Referring to a presentation given by Airbus CEO Tom Enders at AIAA AVIATION 2015 in which Enders asked, “Are we moving fast enough,” Eremenko echoed Enders:  “When we launched Airbus back in 1969, we weren’t just bold. Some might say we were downright rude. And it worked.”

Eremenko also discussed the rapid advances in electric flight.  In 2010, Airbus sponsored the development of a small all-electric aircraft that has seen advancements every year since. In 2015, an Airbus test pilot flew the  E-Fan across the English Channel.

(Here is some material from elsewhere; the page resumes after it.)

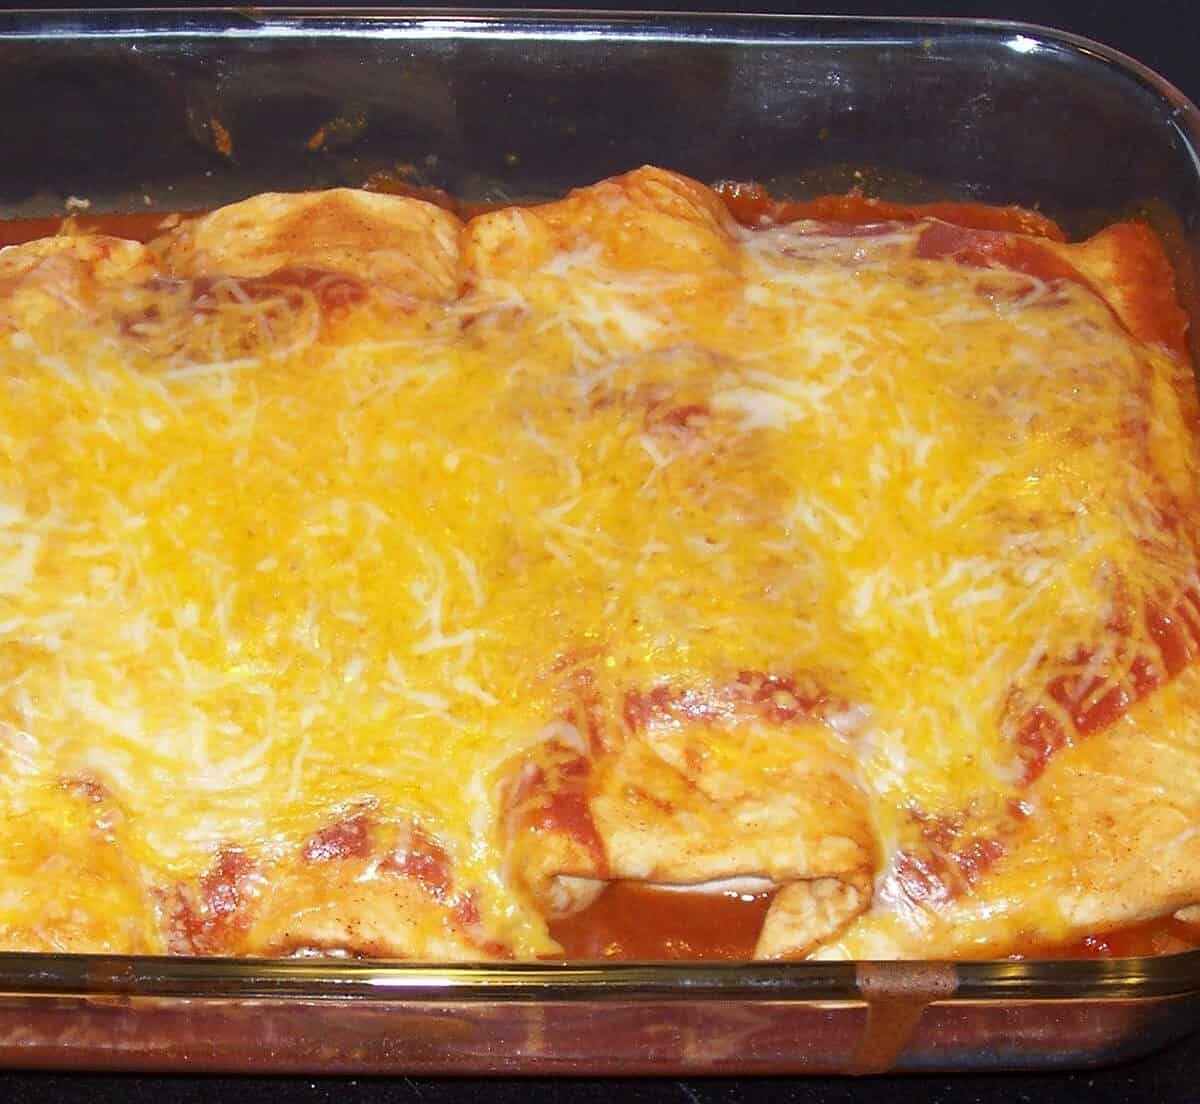  These enchiladas are packed with flavor and perfect for a crowd-pleasing meal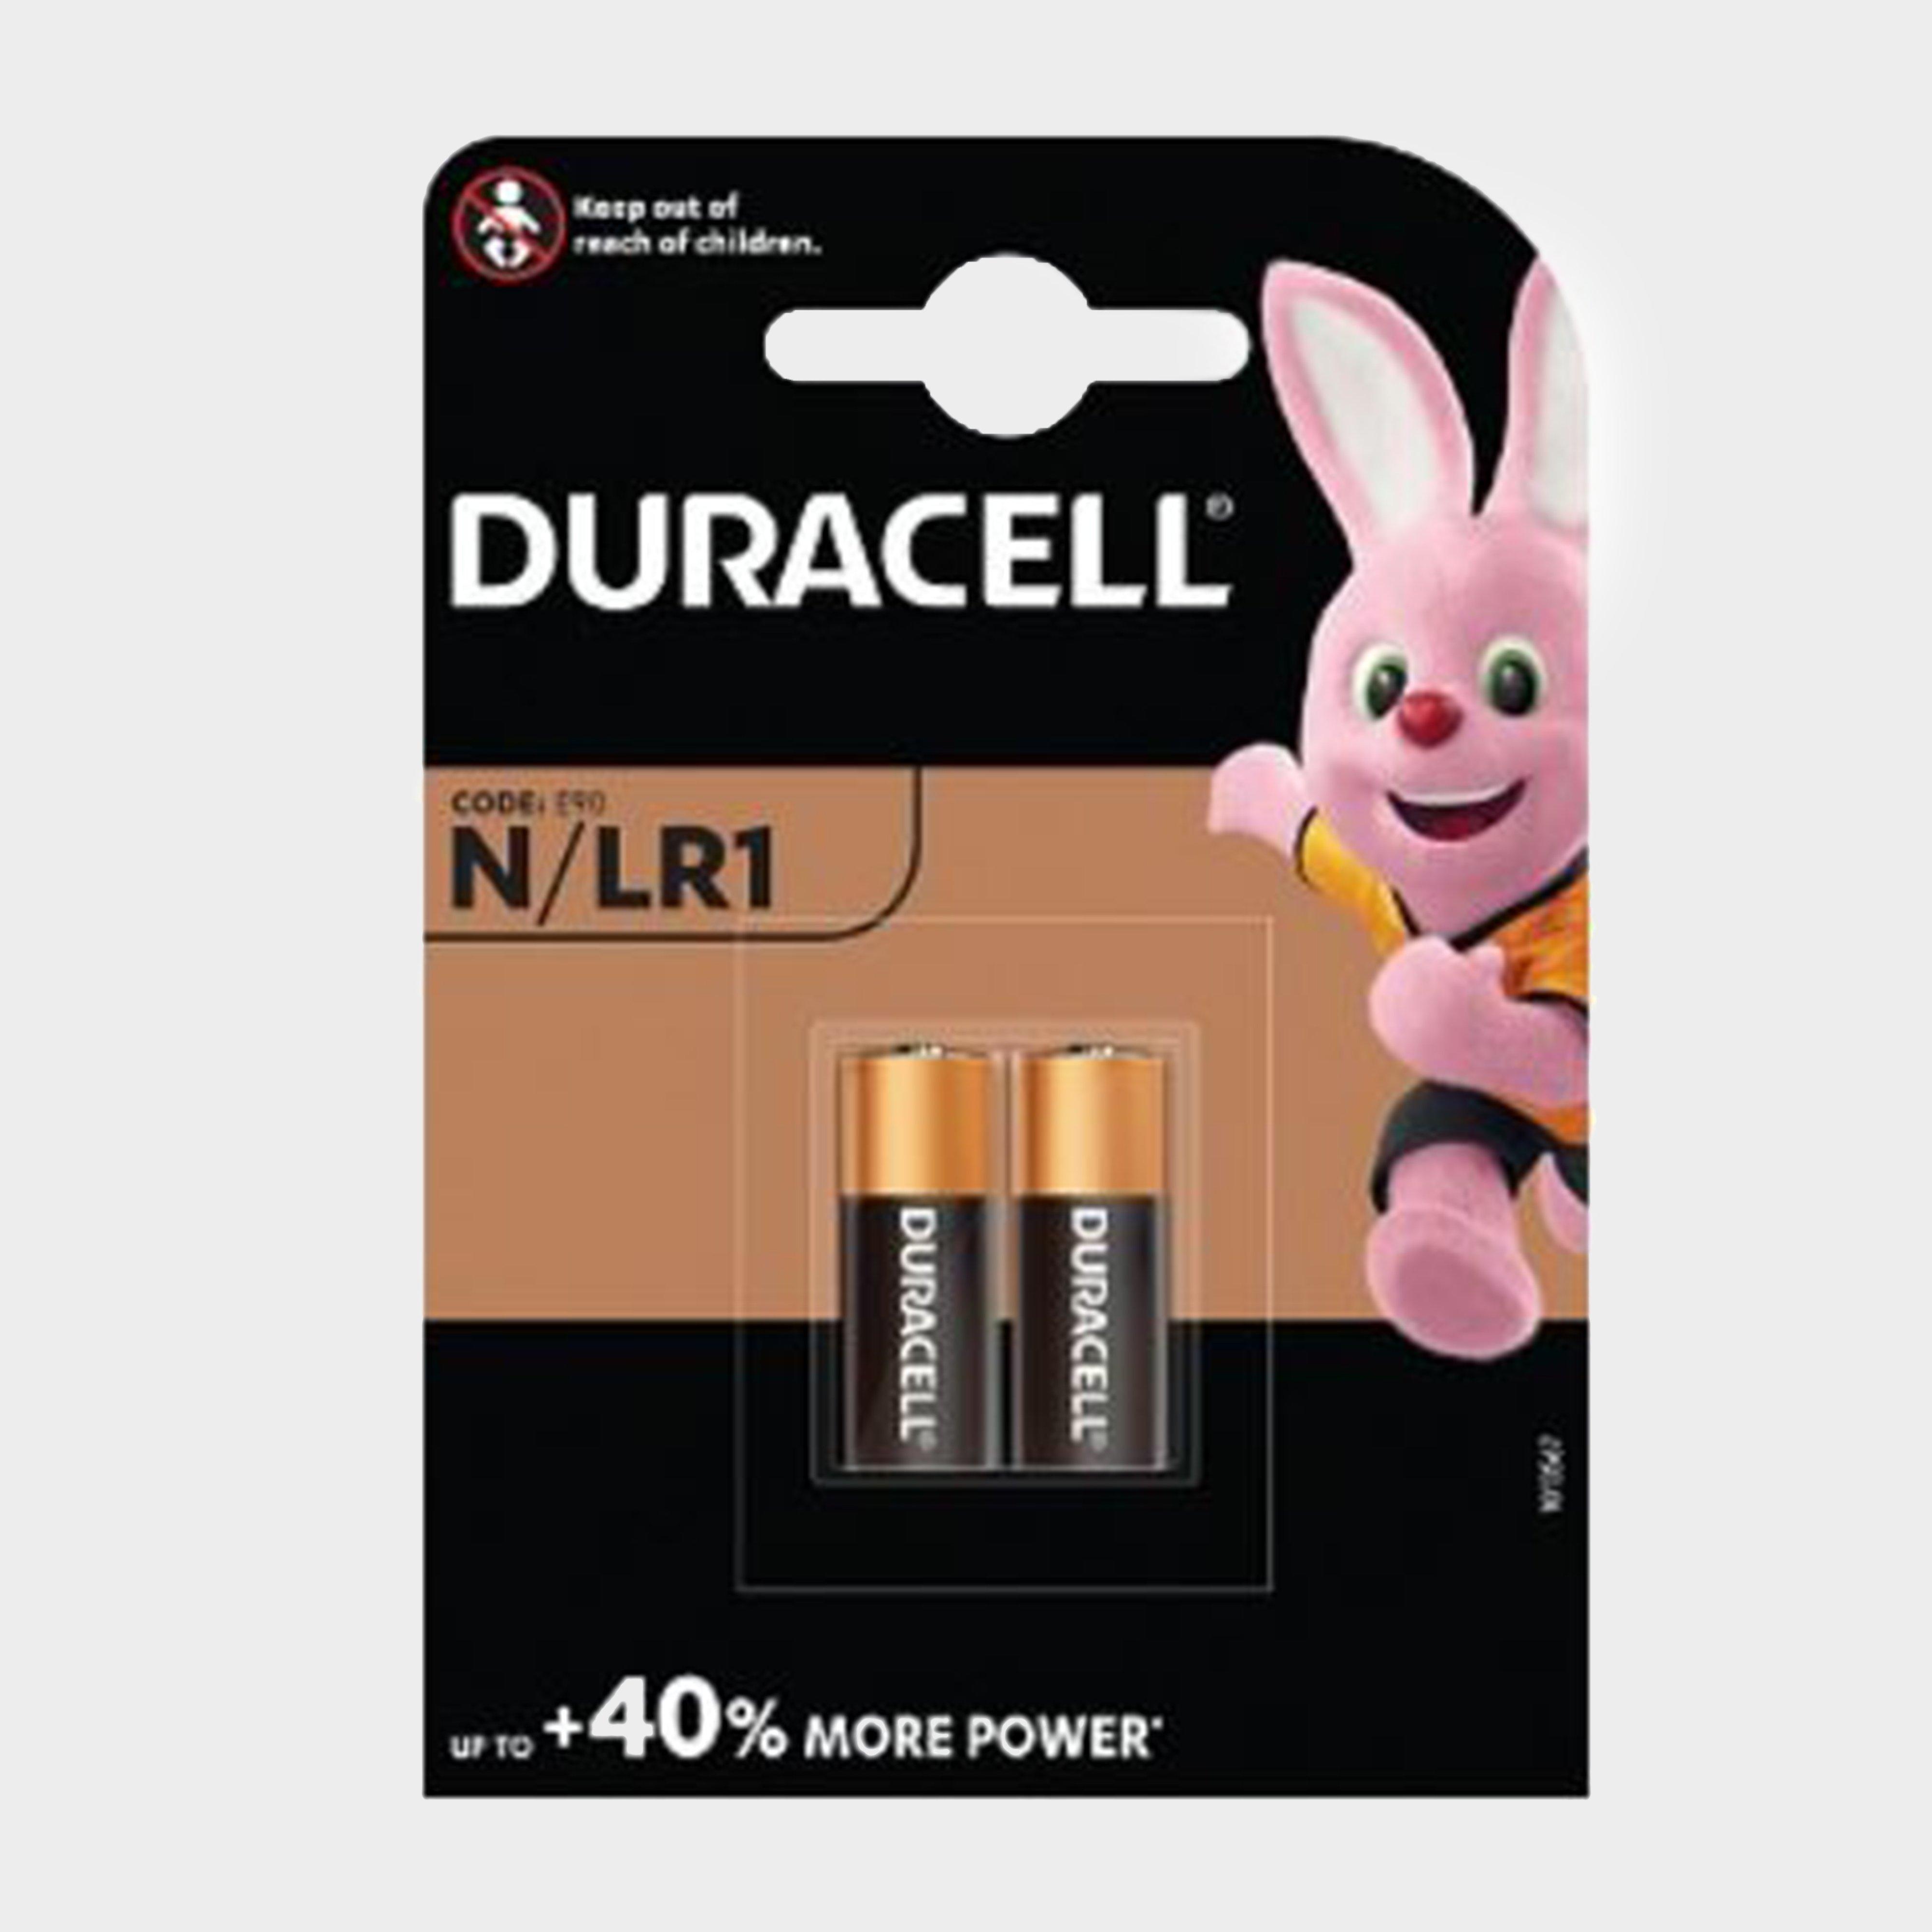 Image of Duracell N/Lr1 Batteries - 2 Pack, PAC

Eremenko said the first powered flight of Airbus’ Vahana, a single-passenger all-electric, fully autonomous vertical takeoff and landing air-taxi demonstrator with a tilt-wing configuration, is slated for later this year.

“In V/TOL, we stand at a convergence point of several new technologies, namely autonomy, electric propulsion, low-cost mass manufactured composites ... and the digitally enabled business model of on-demand personal mobility,” Eremenko said. “Combined, they seem to offer the realistic prospect of a new class of vehicles that could make the dream of urban air mobility finally real.”

Eremenko cautioned that the industry is still in the early stages of the urban air mobility journey, but he said he would be “astonished” not to see in the next four to five years a full-scale pilot of an urban air transport system in a major city.

“And I sure as hell want to help build it,” he said.